Florida-Fresh Tomatoes Lead National Production

by RYAN MILEJCZAK

Sponsored by Farm Credit of Central Florida

Florida gets plenty of attention for its fruit, from oranges to watermelons and more. But did you know that Florida is also the nation’s top producer of fresh market tomatoes? In fact, 70% of all fresh-market tomatoes grown in the U.S. come from right here in the Sunshine State!

While commonly associated with Italy and its cuisine, the tomato (Solanum lycopersicum) is actually native to the Americas, where it was first cultivated in Mesoamerica by 500 BCE or even earlier. It’s a member of the nightshade family, along with many other new world crops like potatoes, chili peppers, and of course, the tomatillo (to name just a few). However, it wasn’t until about 1870 that they were first grown commercially here in Florida, with the first farms growing them likely being in Manatee County. 

Today, Manatee County is still one of the main producers of tomatoes along with Hillsborough; together, they represent 40% of total tomato production in Florida. Tomatoes are also grown commercially in Sumter, Lee, Palm Beach, Martin, Collier, and Miami-Dade counties. 

Tomatoes thrive in Florida thanks to its hot climate (not surprising, considering their origins in the sweltering hot regions of Mexico and Central America). 

In the 2024 season, there were 24,000 acres of commercial tomato cultivation across the state of Florida, of which 23,200 acres were harvested. Total production for 2024 was 638 million pounds, down 27% from 2023. This represented a total production value of $331 million, making it the state’s second-most valuable crop overall, second only to strawberries. 

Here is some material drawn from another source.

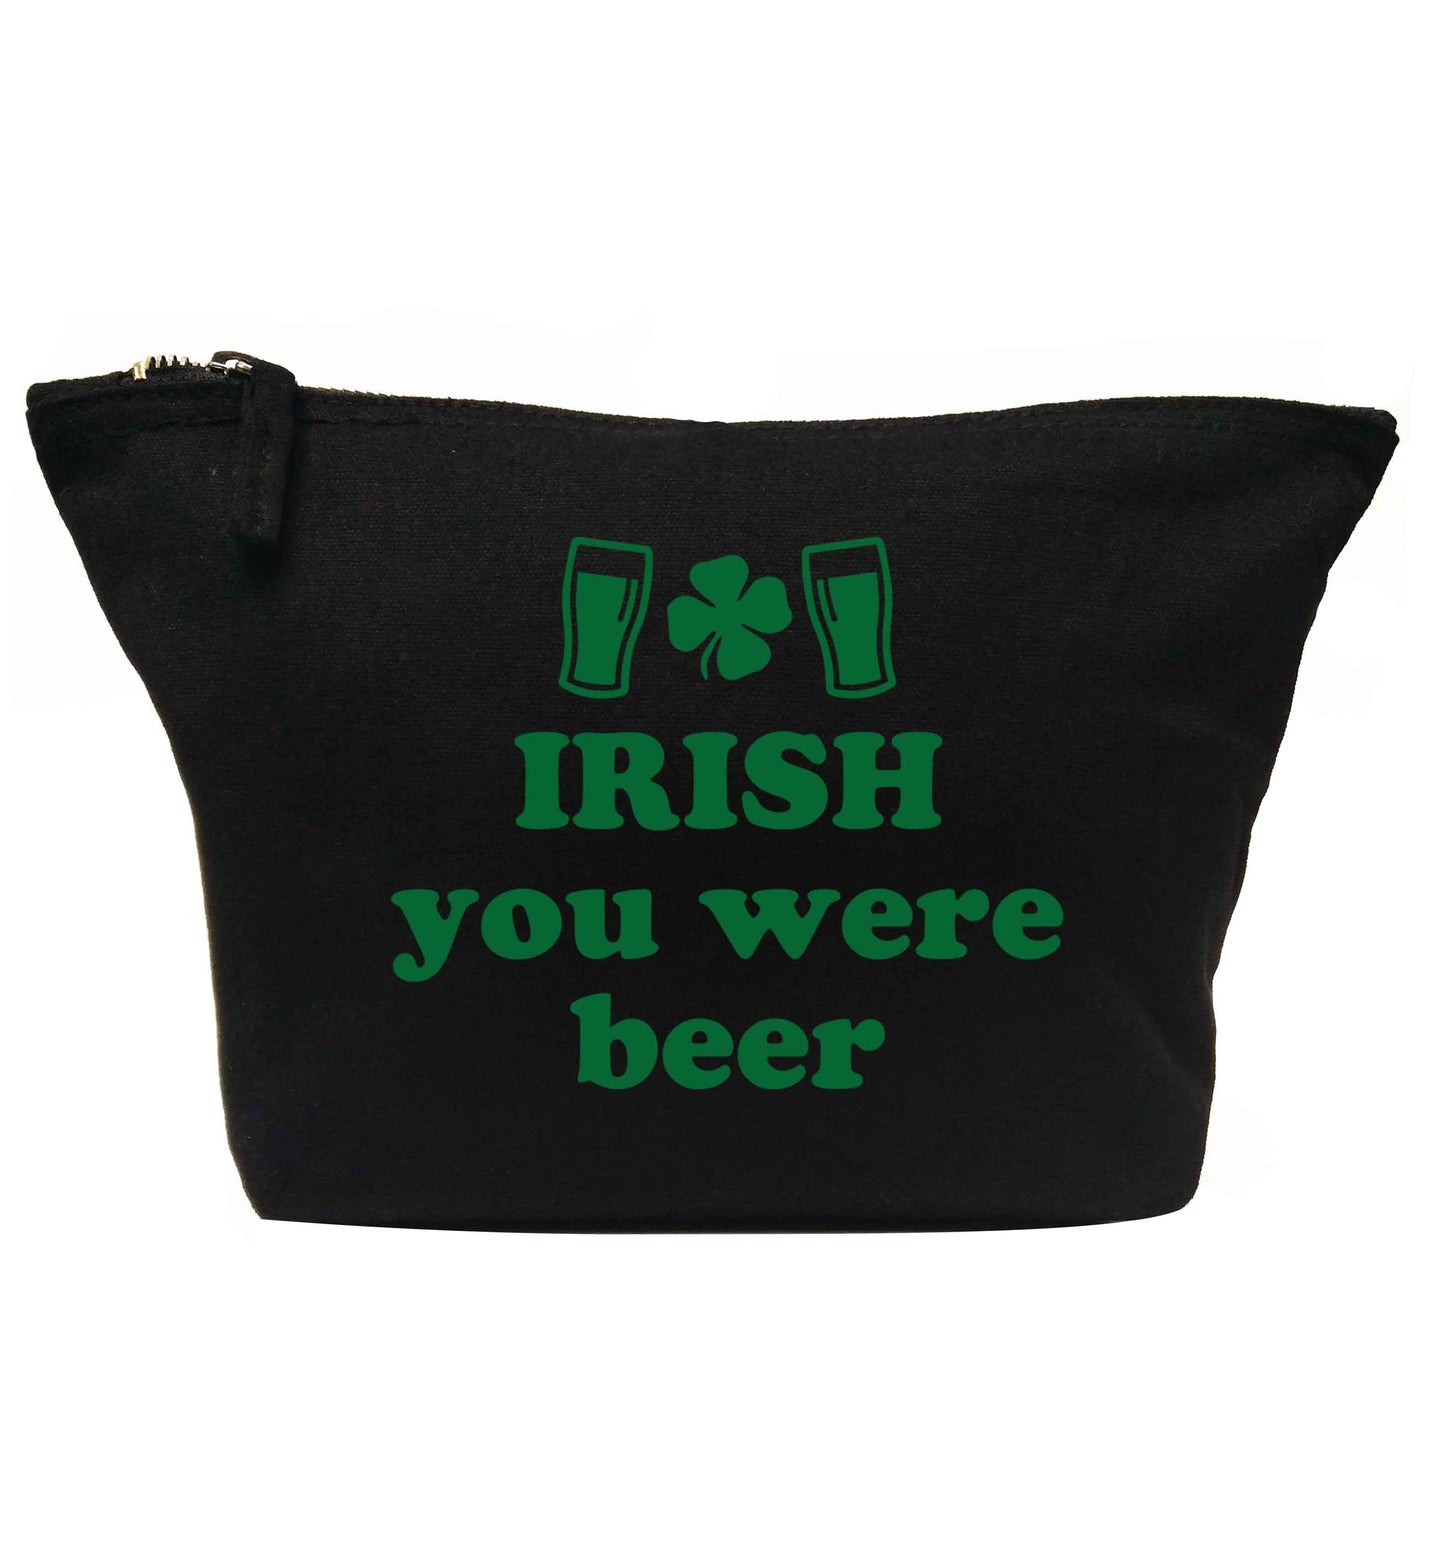 Irish you were beer | Makeup / wash bag

Tomatoes are a labor-intensive crop to harvest, and a 2017 estimate stated that about 30,000 workers are employed to harvest, and this in addition to non-harvest employment means the Florida tomato industry also helps provide jobs for our state. 

Like most Florida crops, the majority of tomato varieties cultivated in our state were developed by the folks over at UF/IFAS, which began all the way back in 1922. Some popular varieties include Fla. 7804 and Tasti-Lee Fla. 8153.

Tomatoes in Florida are generally planted between August and February, and the Florida Tomato season runs from October to June, with peak harvest from November to January and April to May. This nice, long season helps secure Florida’s spot as the nation’s top producer of fresh-market tomatoes (meaning they’re meant for direct consumption, rather than further processing into sauces and other products). 

A common debate is whether the tomato is a fruit or a vegetable. In fact, the answer depends on who you ask; while in the culinary world it’s considered a vegetable, in the botanical world, it’s a fruit — more specifically, a berry. 

In fact, this debate was even at the center of a legal dispute when, in 1893, the US Supreme Court declared it a vegetable, rather than a fruit, for tariff purposes. 

Regardless of what you consider it, tomatoes are a healthy addition to any meal. They are low in calories, an excellent source of vitamin C, and rich in lycopene, which may have positive impacts on cardiovascular health. They’re also versatile and can be used in a wide range of recipes; they can be turned into sauces and relishes, fried, stuffed, placed in a sandwich, or even made into jam. And they’re a key part of our state’s diverse cuisines.